Metadata-Version: 2.1
Name: django-kck
Version: 0.0.2
Summary: Data orchestration for Django
Home-page: https://gitlab.com/frameworklabs/django-kck
Author: Framework Labs
Author-email: fred@frameworklabs.us
License: BSD
Keywords: data orchestration framework
Platform: UNKNOWN
Classifier: Development Status :: 2 - Pre-Alpha
Classifier: Intended Audience :: Developers
Classifier: Topic :: Software Development :: Libraries :: Python Modules
Classifier: Framework :: Django
Classifier: License :: OSI Approved :: BSD License
Classifier: Programming Language :: Python :: 3.6
Description-Content-Type: text/markdown
Requires-Dist: Django (>=2.2.0)
Requires-Dist: python-dateutil (>=2.2)
Requires-Dist: django-postgres-extensions (>=0.9.3)
Requires-Dist: psycopg2 (>=2.8.0)

# Django KCK
Django KCK is a flexible data pipeline framework for Django that makes
it easy to write code that periodically imports data from remote sources.

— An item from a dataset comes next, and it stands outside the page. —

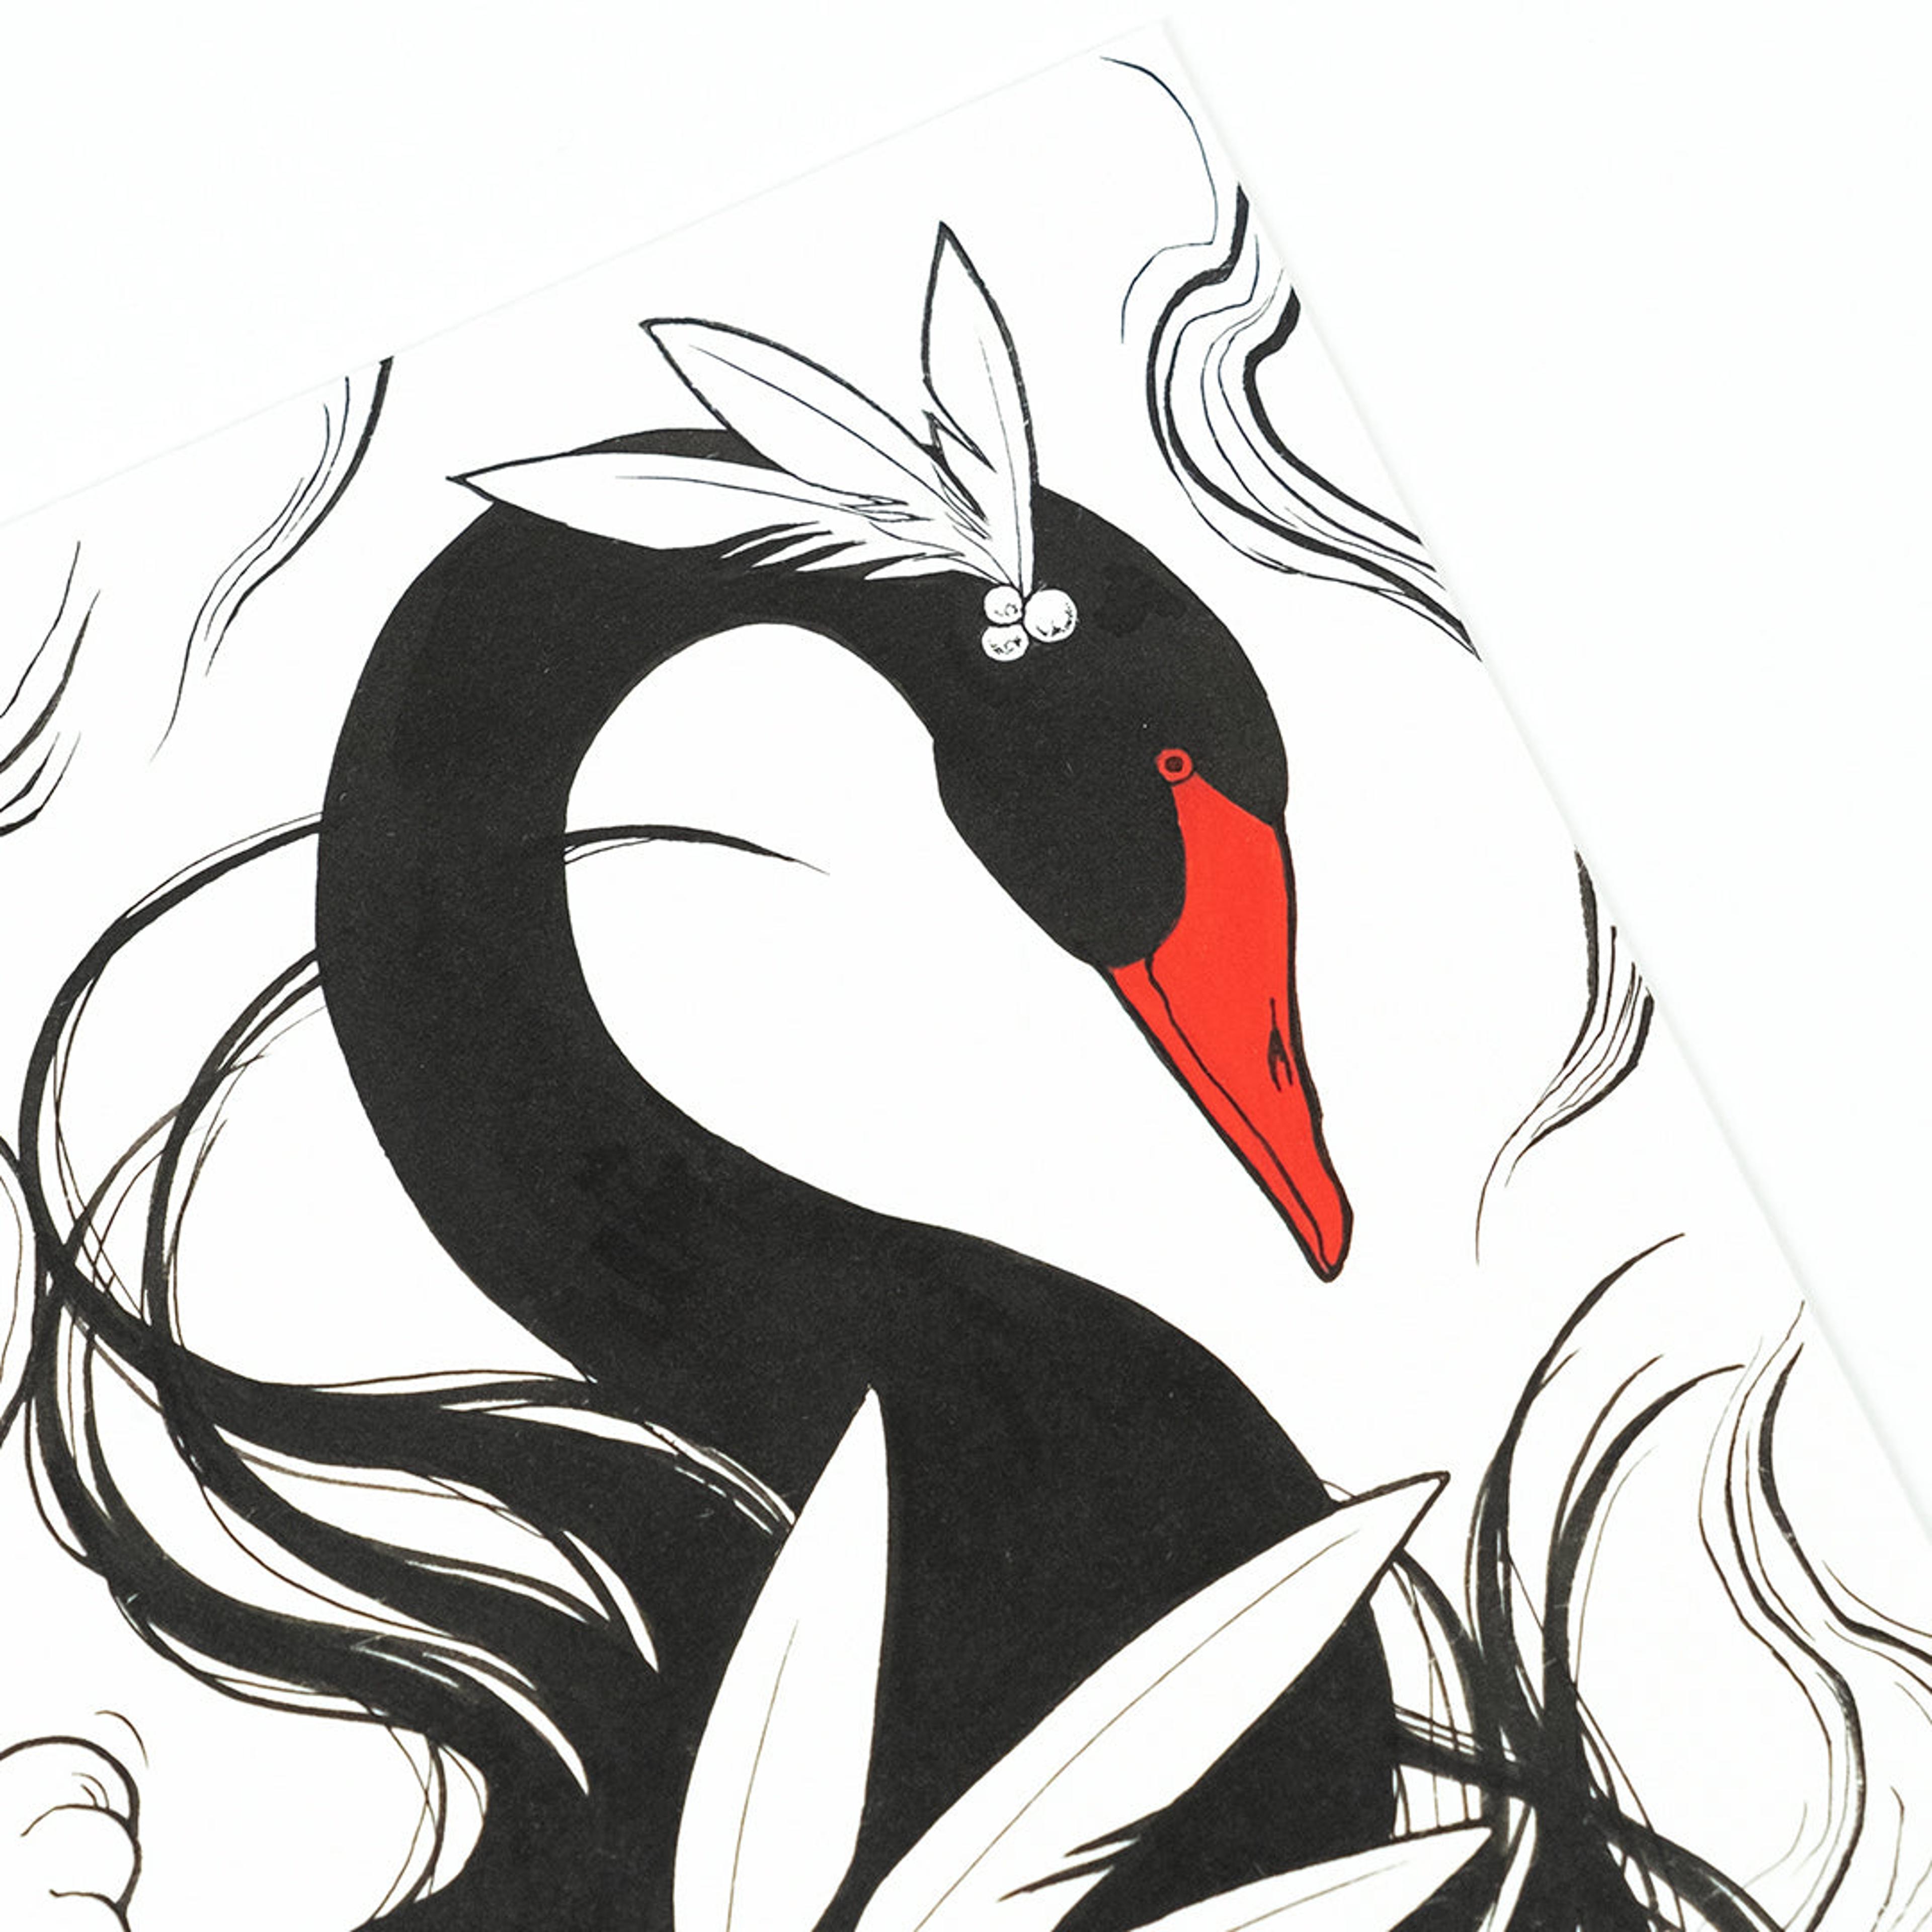 Alternate View 4 of Sister Black Swan Original Art

It's easy to define data products that depend on those updates and to
make sure they refresh as soon as possible after an update.

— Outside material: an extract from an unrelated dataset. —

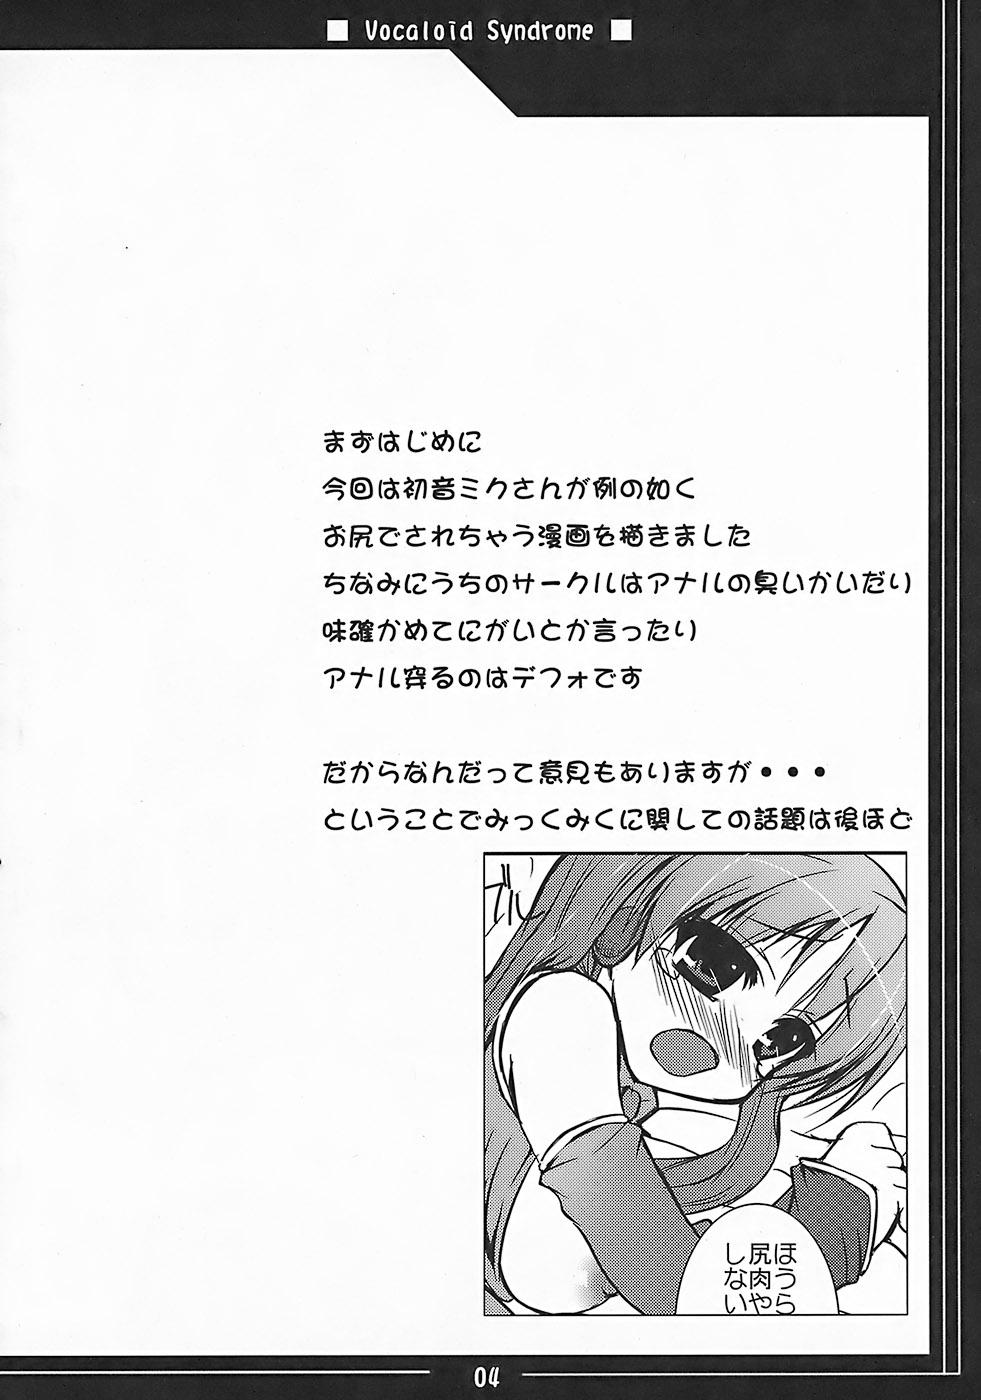 19yo Vocaloid Shoukougun - Vocaloid Eating Pussy - Page 3

It's easy to make sure that some data products refresh every five
minutes while others refresh on demand, returning fresh data every time
they're requested.

Django KCK is designed to manage data products and keep them up-to-date,
whether they reflect authoritative sources like the daily reports from a
system of cash registers or conglomerate data products assembled from
assortments of authoritative and derivative data products, with uniquely
configured refresh schedules and triggers.

## History
Django KCK is a simplified version of KCK that targets the Django
environment exclusively.  It also uses PostgreSQL as the cache backend,
instead of Cassandra.

## Quick Install

## Basic Usage

```
# myapp/primers.py

from kck import Primer

class FirstDataProduct(Primer):
    key = 'first_data_product'
    parameters = [
        {"name": "id", "from_str": int}
    ]

    def compute(self, key):
        param_dict = self.key_to_param_dict(key)
        .
        .
        .
        return result
```

```
# myapp/views.py

from kck import Cache

cache = Cache.get_instance()


```

## Theory
Essentially, Django KCK is a lazy-loading cache.  Instead of warming the
cache in advance, Django KCK lets a developer tell the cache how to
prime itself in the event of a cache miss.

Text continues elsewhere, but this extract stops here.